This answer is based on a comment by bcumming in How do I print the elements of a C++ vector in GDB? and was tested with Codelite 10.0.0, gcc 4.9.2 and gdb 7.7.1 on 64 bit Debian 8. That question concerned displaying all the elements of the vector. The answer by John Carter had the disadvantage of involving internal library-dependent pointer names and the advantage that it works fine even if the inferior (the program being debugged) did not have compiled into it the code for operator [ ]. (See: gdb Could not find operator[].)
If I want to see 4 elements of vector vecVp starting with index [3] then the gdb print command is:
p *(&vecV[3]) @ 4
This is my answer. I have been trying to figure out how to do this for years, and it is not in the gdb manual, as far as I know. The text below concerns variations of and the principles behind this technique.
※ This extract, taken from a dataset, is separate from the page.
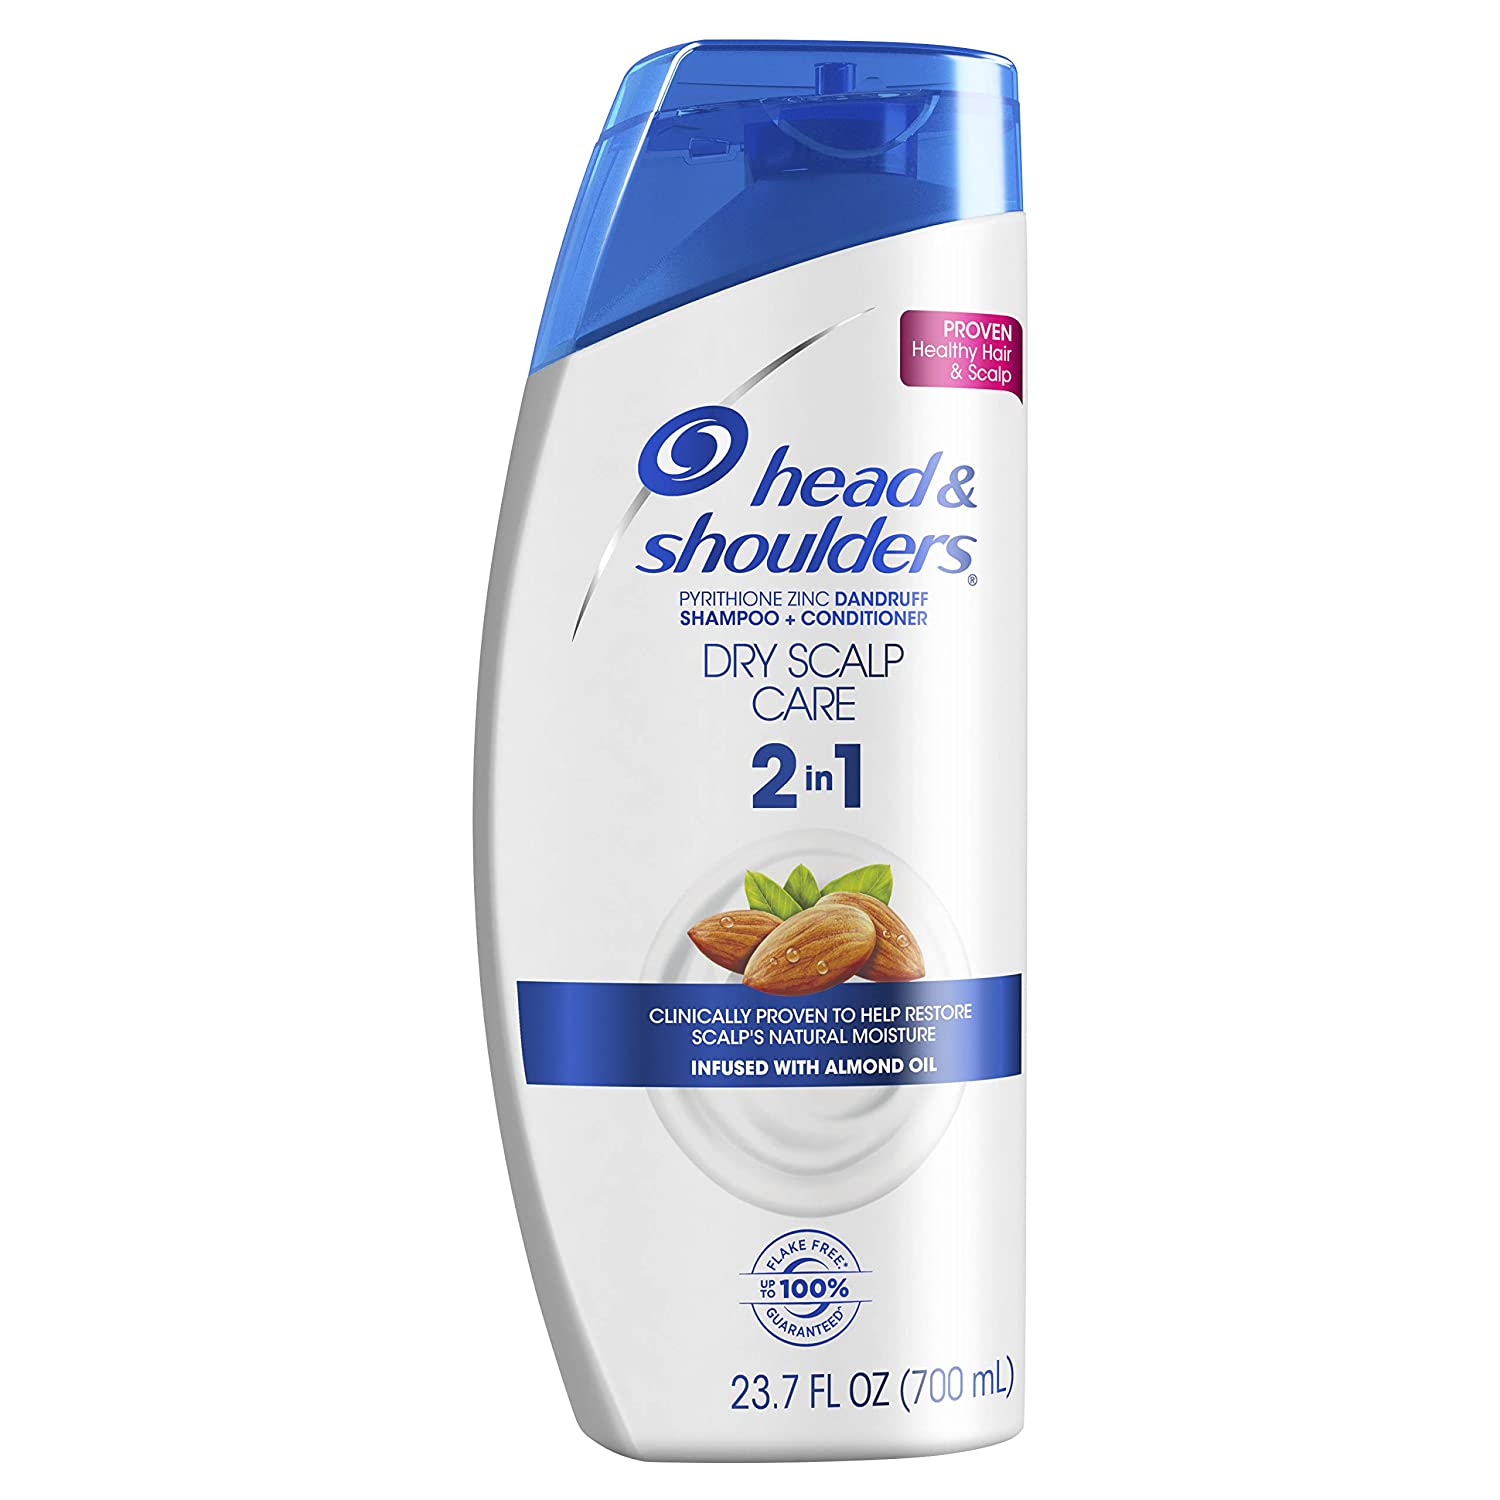 Head & Shoulders Dry Scalp Care Shampoo and Conditioner
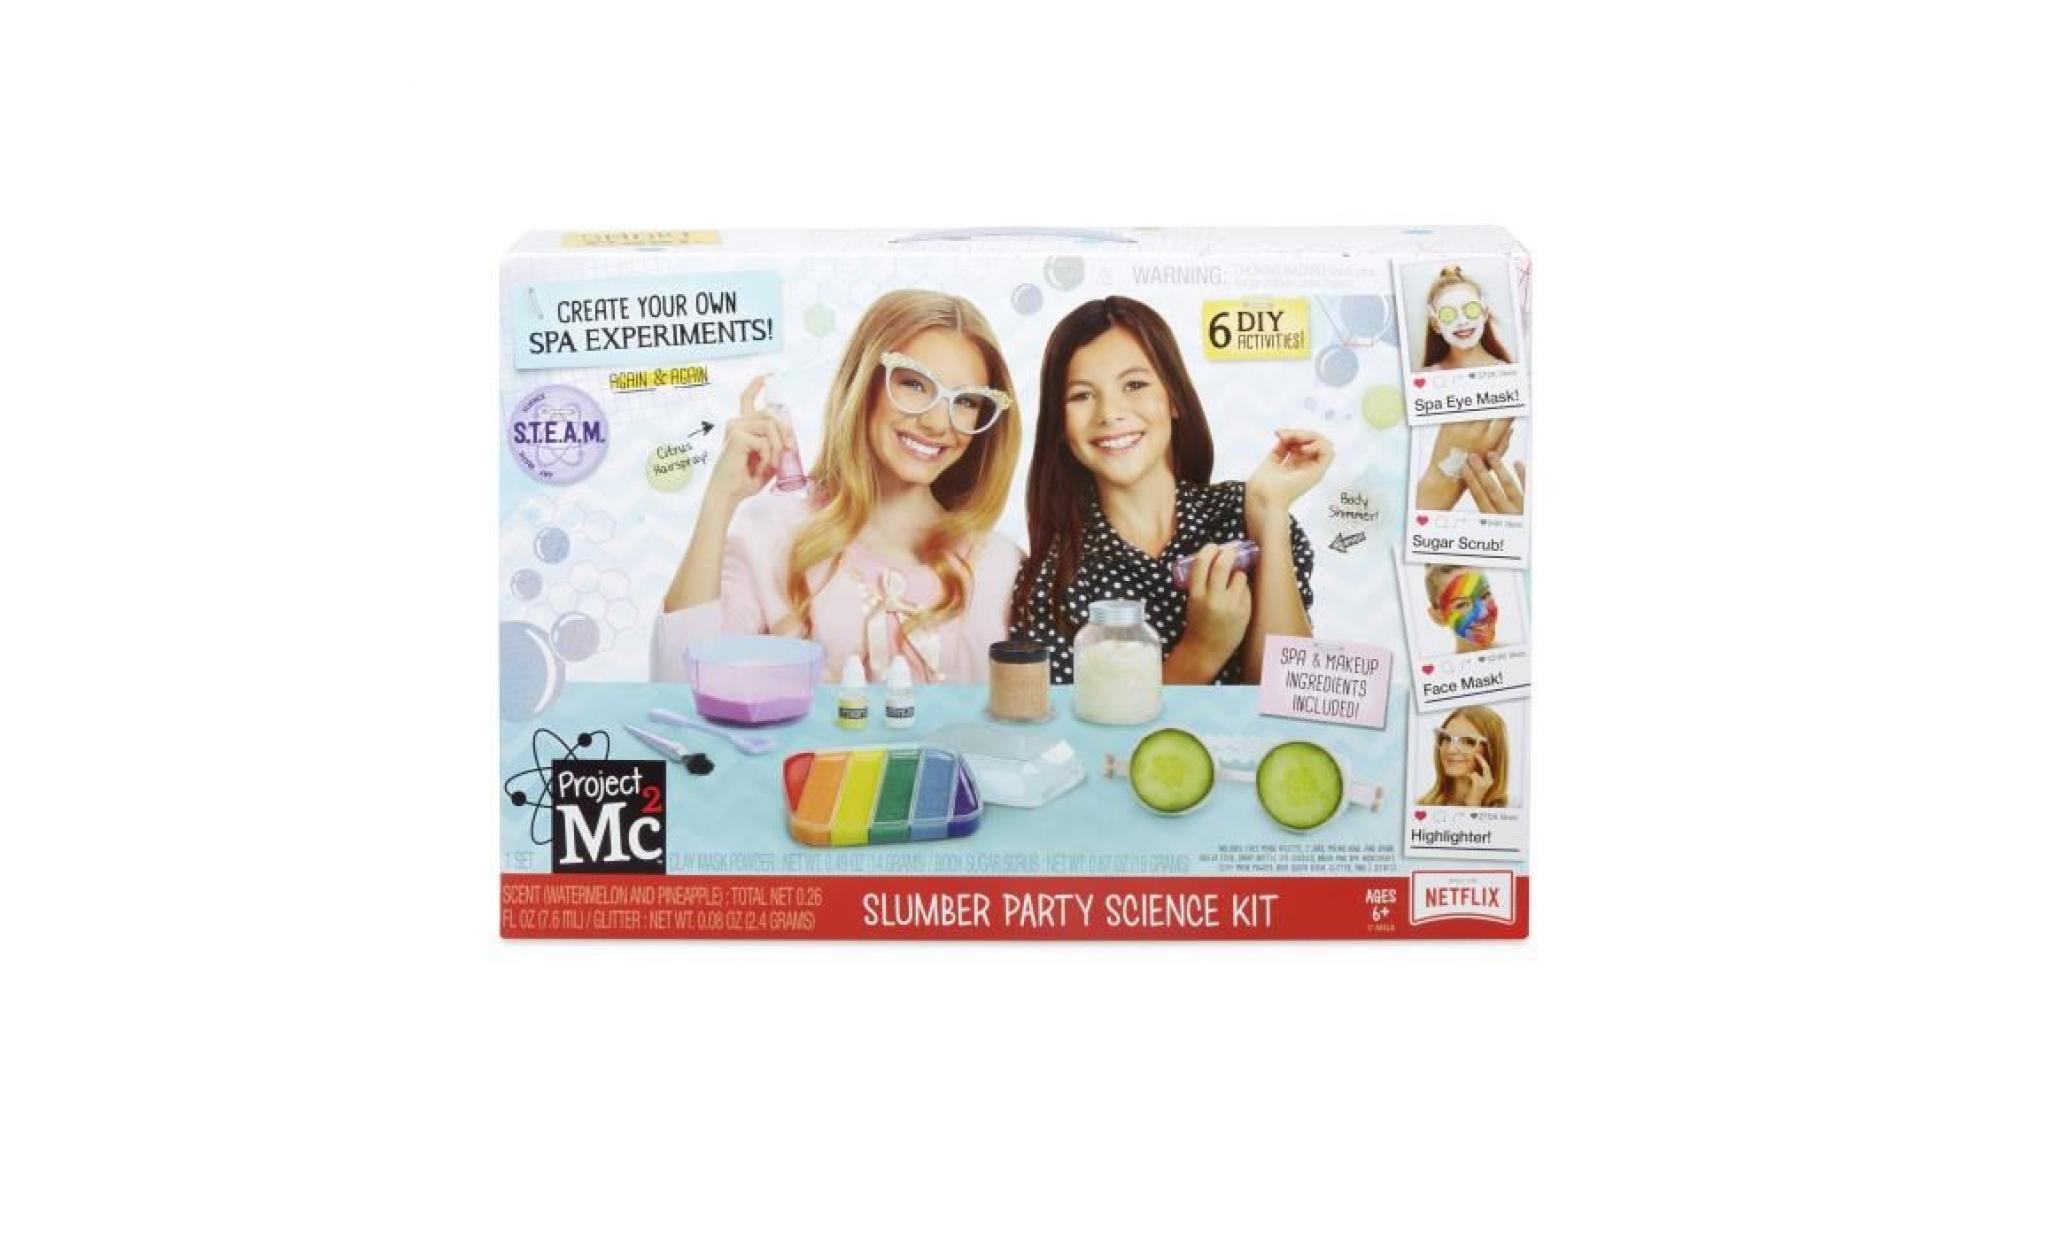 slumber party science kit to create your own spa treatments 1k2aaf

One reason for doing this is to reduce the clutter of displaying all the elements of a vector. The other is to reduce the time it takes gdb to respond for the Watch window lines, such as for each "step over" IDE operation. I find that gdb, with its Python-based STL pretty printing mechanisms, can take seconds or tens of seconds to respond to large numbers of simple elements, or few more complex ones.
This is an application to vectors of the technique described in gdb manual section 10.4 Artificial Arrays where the binary operator @ works fine with C-style arrays: p arrA[3] @ 4 but not vectors and the like from the containers library (STL).
The above use of @, starting with a particular vector element, works fine in Codelite's Watch window, where the p part above is not needed. The single line which Codelite displays can be opened up by clicking right-pointing arrows to show all the values of the elements and the objects, vectors of strings etc. that they contain. However, it does not work as the basis for displaying just just one inner element, such as some class object, an int or a string, of each of the range of vector elements. To do this, four Watch lines must be created (add p for driving gdb directly):
vec[3].log
vec[4].log
vec[5].log
vec[6].log
This of course is tedious. The solution is to add some variables to the inferior which are only to be used by gdb. These can be static, outside any function and so "global":
static int XX = 0;
static int YY = 0;
static int ZZ = 0;
Their values can be set from within Codelite, while the inferior is paused at a breakpoint, by commands such as set XX = 3 entered into the "Send" bar at the bottom of the gdb console, which is under the "(red ladybug icon) Output" tab of the "Debugger" window. This enables me to use four Watch lines, each focused on just the "log" member of the four chosen elements in the vector, which can be easily steered to any part of the vector by altering the value of XX:
vecV[XX + 0].log
vecV[XX + 1].log
vecV[XX + 2].log
vecV[XX + 3].log
What's more, in my experience, changing XX causes Codelite to not only display the new data, but to highlight in red any which is different from what it displayed with the previous value of XX.
If log was an object containing a string which was too long to view in the Watch window (Settings > GDB Settings > GNU gdb debugger > General > Display > Number of elements to display for arrays/strings), then I can use the above scheme and substr() with some other gdb-set variables to control which range of the strings are displayed:
vecV[XX + 0].log.strS.substr(AA, BB)
vecV[XX + 1].log.strS.substr(AA, BB)
vecV[XX + 2].log.strS.substr(AA, BB)
vecV[XX + 3].log.strS.substr(AA, BB)
Such variables can be applied to the main technique to provide a steerable, resizable, window of display into a vector, by typing one or two commands to the gdb console, rather than editing the Watch window line, which typically involves lots of mouse/trackball clicking to re-open all the branches of the objects which are of interest:
(&vecV[YY]) @ ZZ